*Task instructions*. Give again, word for word, the line holding "C# Programming Performance" and every line after it through the end of the data below. Omit pictures.

*Records supplied*.
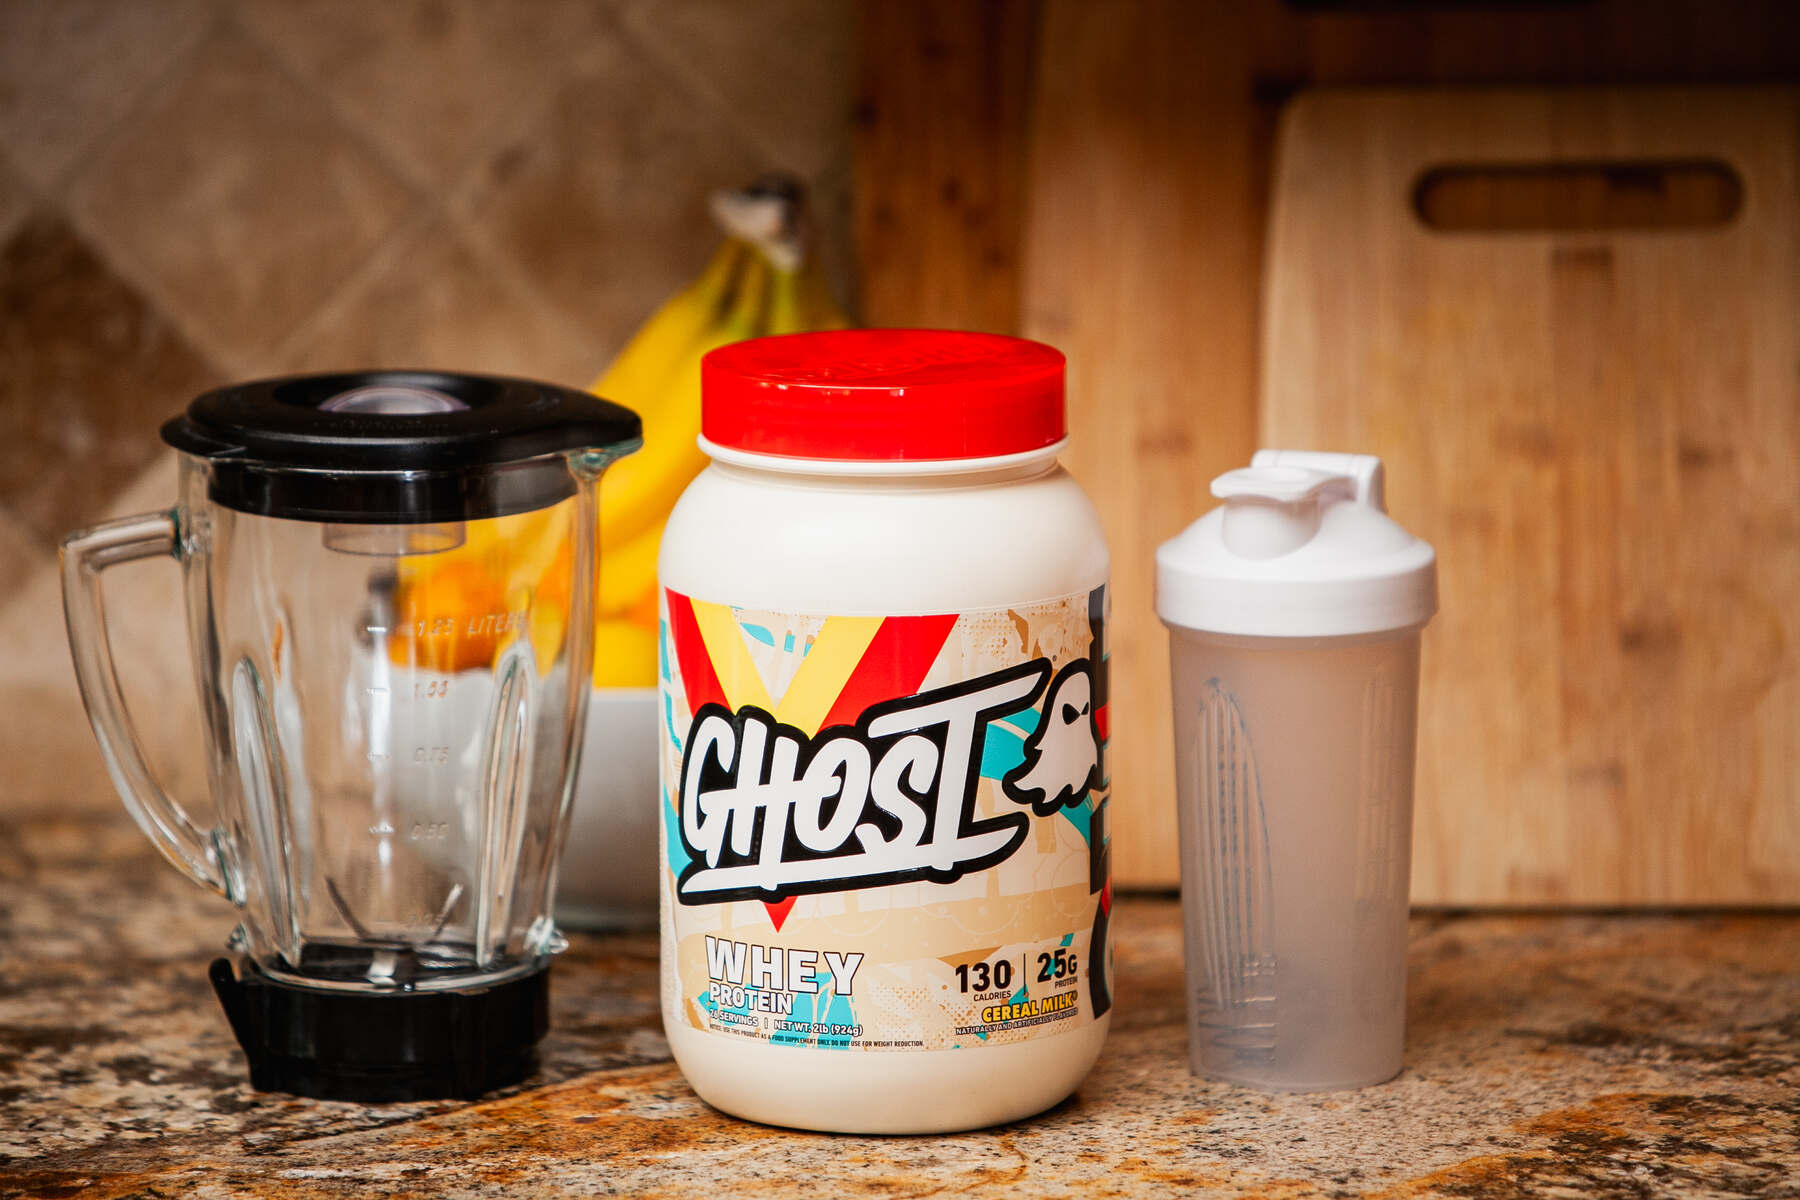 A protein powder jar, shaker bottle, and blender on a kitchen countertop
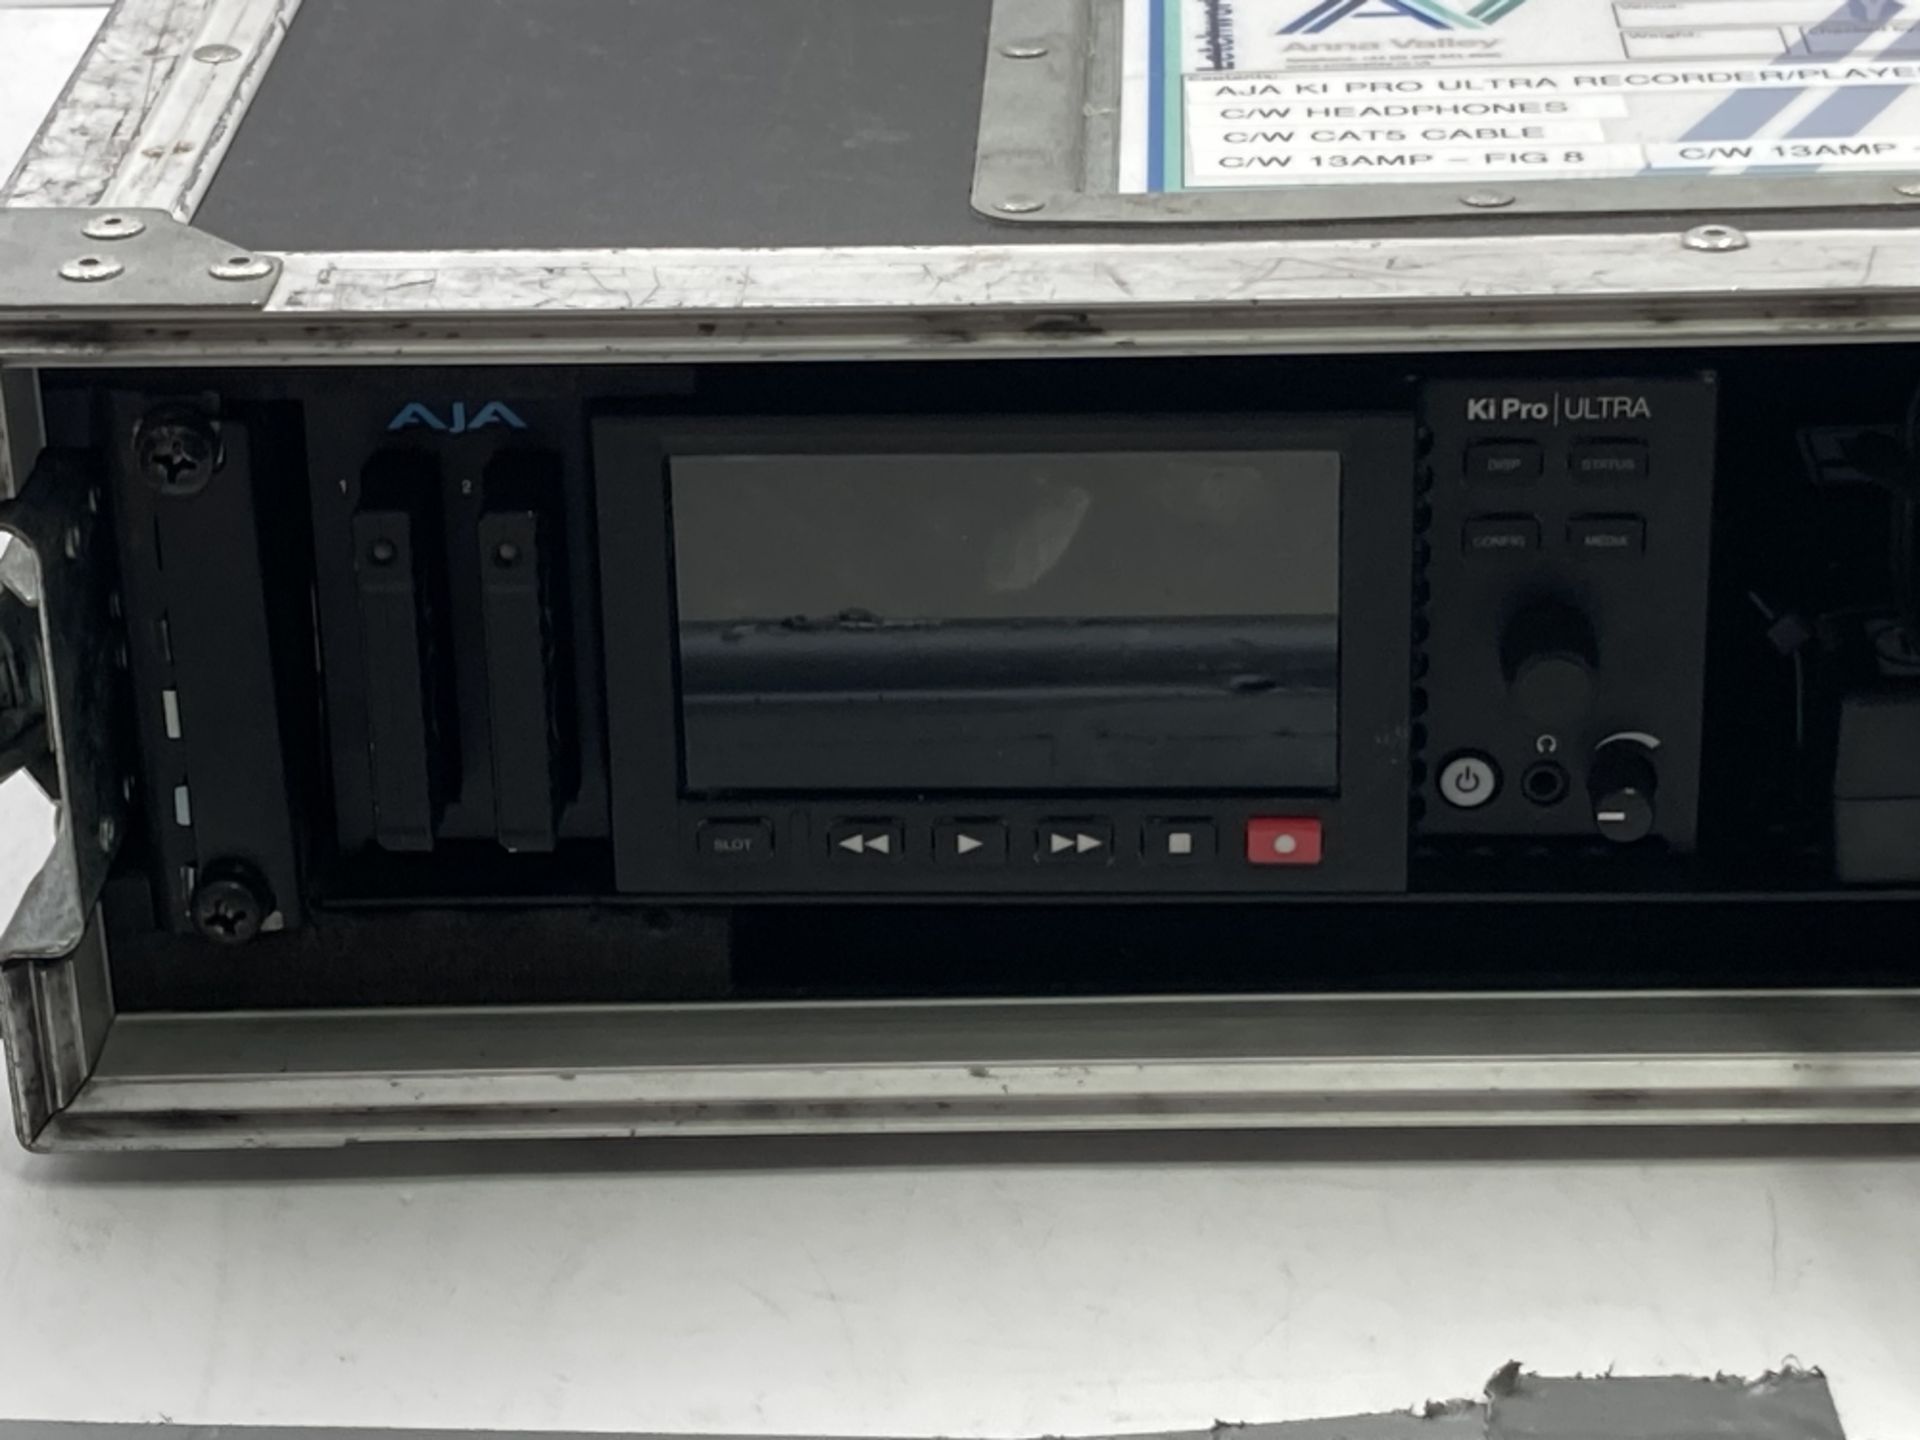 AJA KI Pro Ultra Recorder Player With Carrier Case - Image 2 of 8
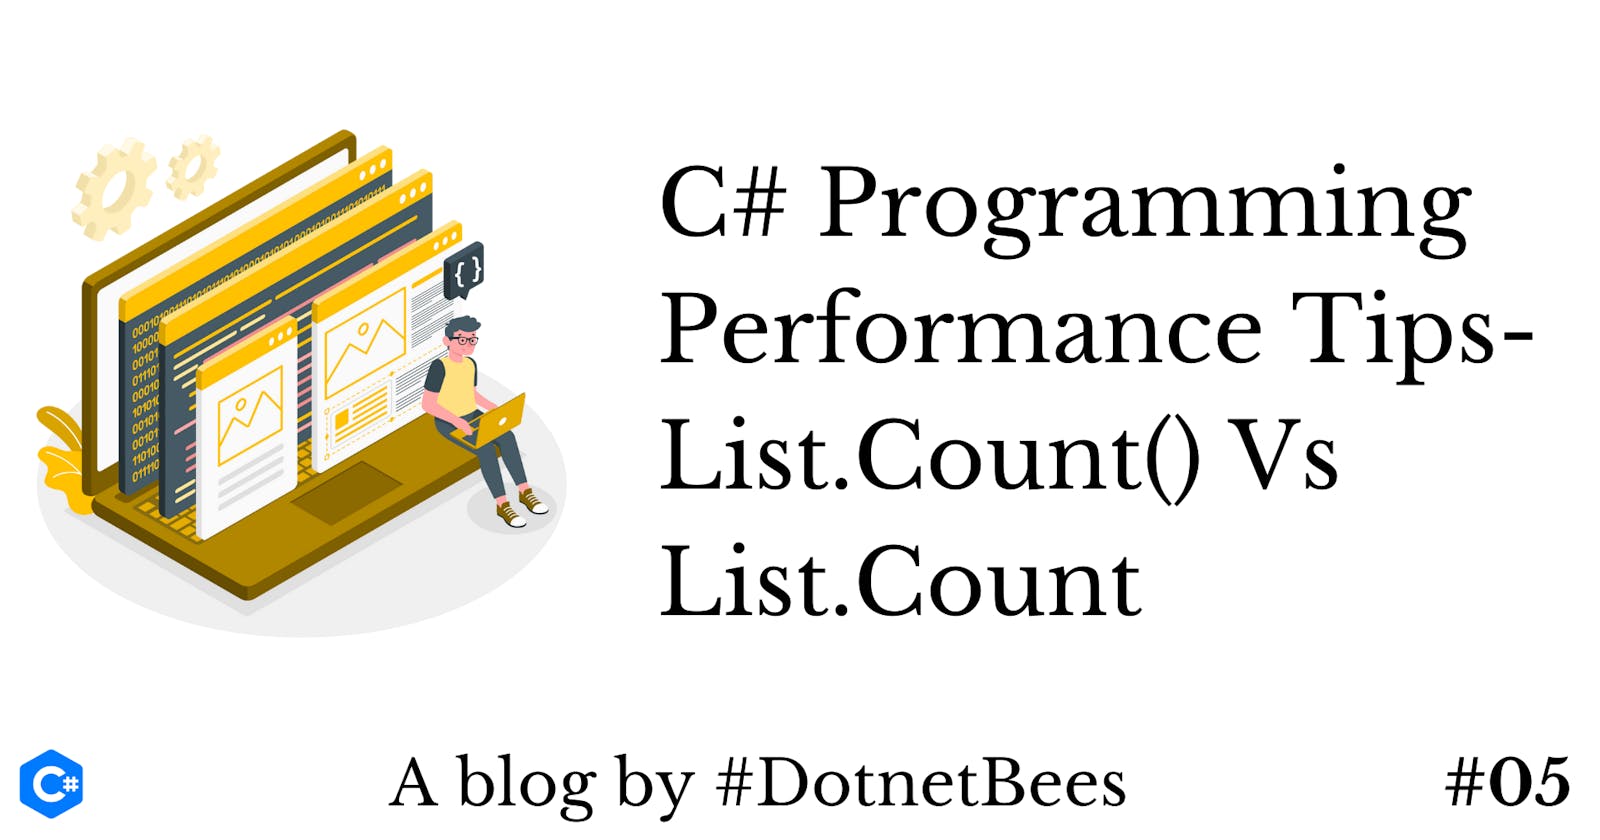 C# Programming Performance Tips - List.Count() Vs List.Count
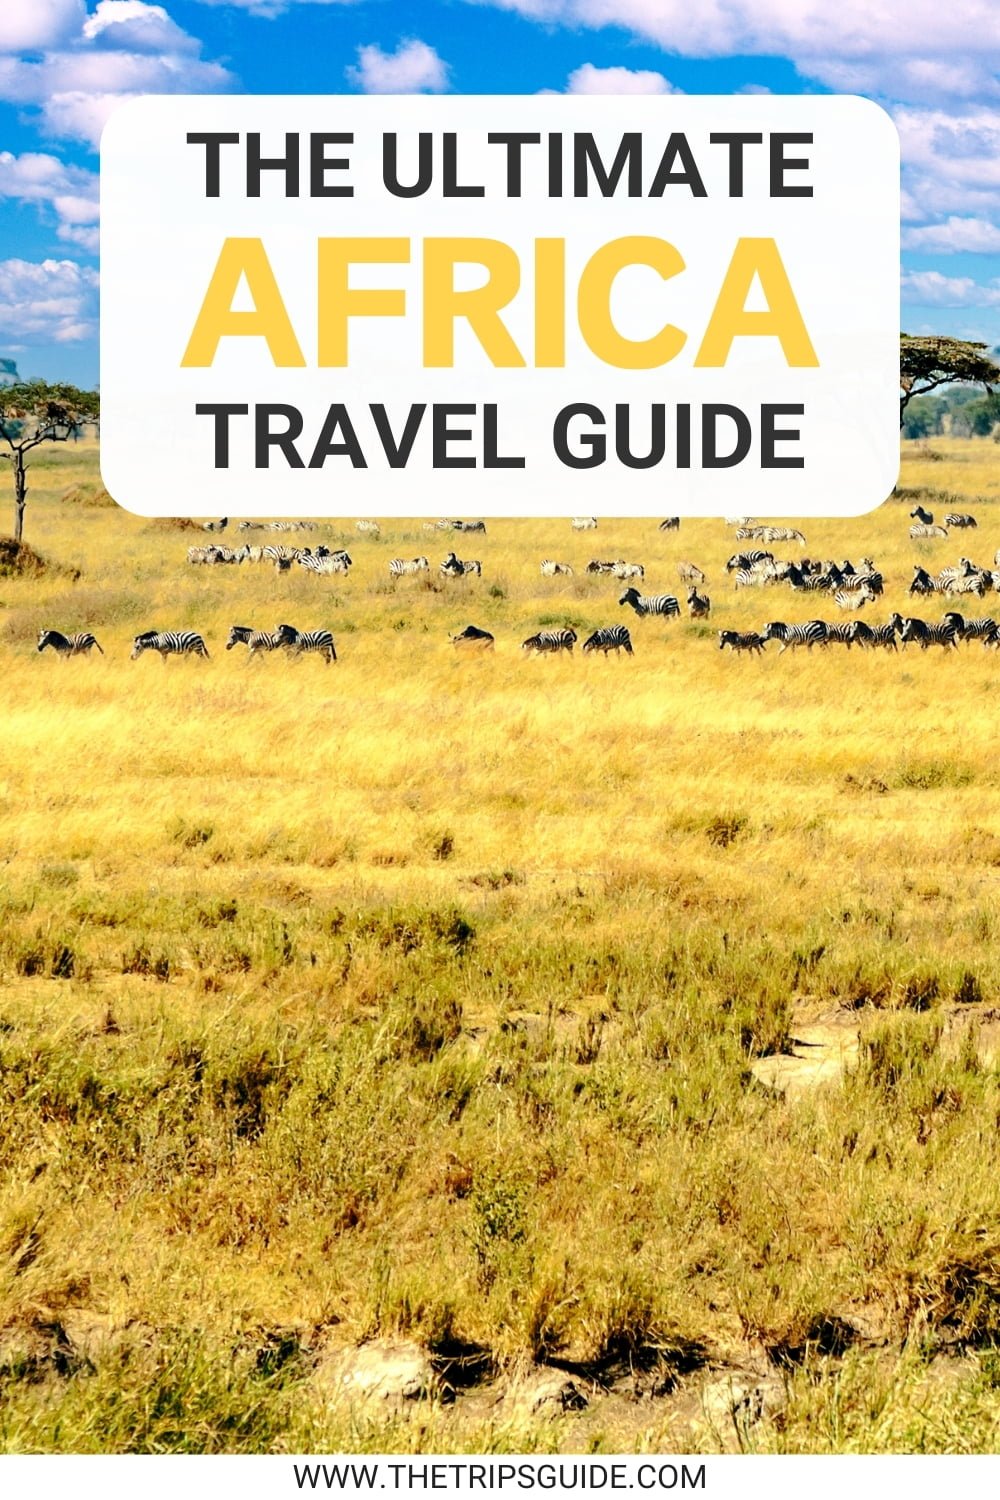 Africa travel guide
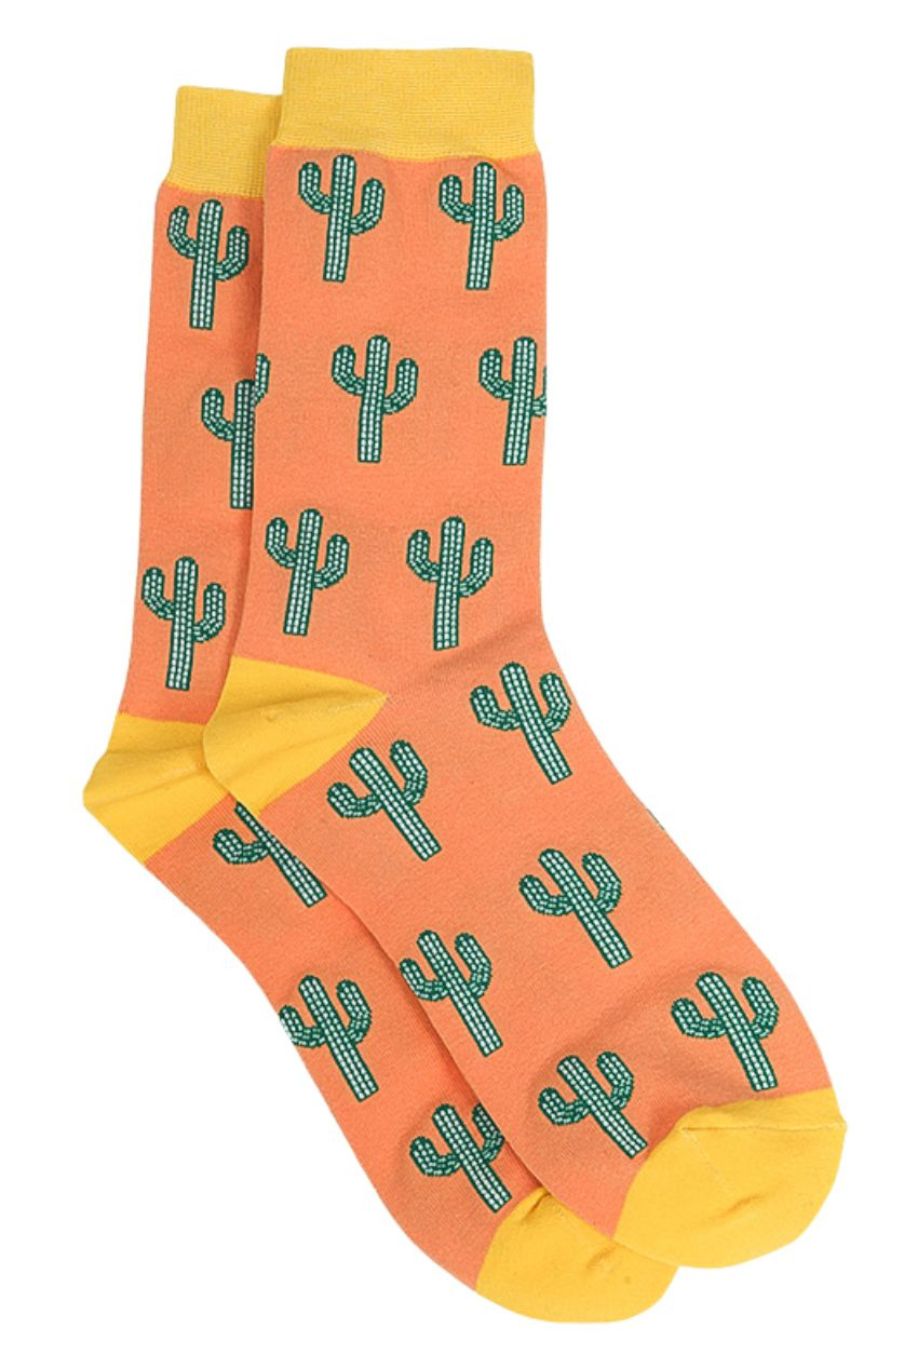 orange and yellow dress socks with green cactus all over

*Written answer*.
 C# Programming Performance Tips - List.Count() Vs List.Count
 Africa travel guide
 orange and yellow dress socks with green cactus all over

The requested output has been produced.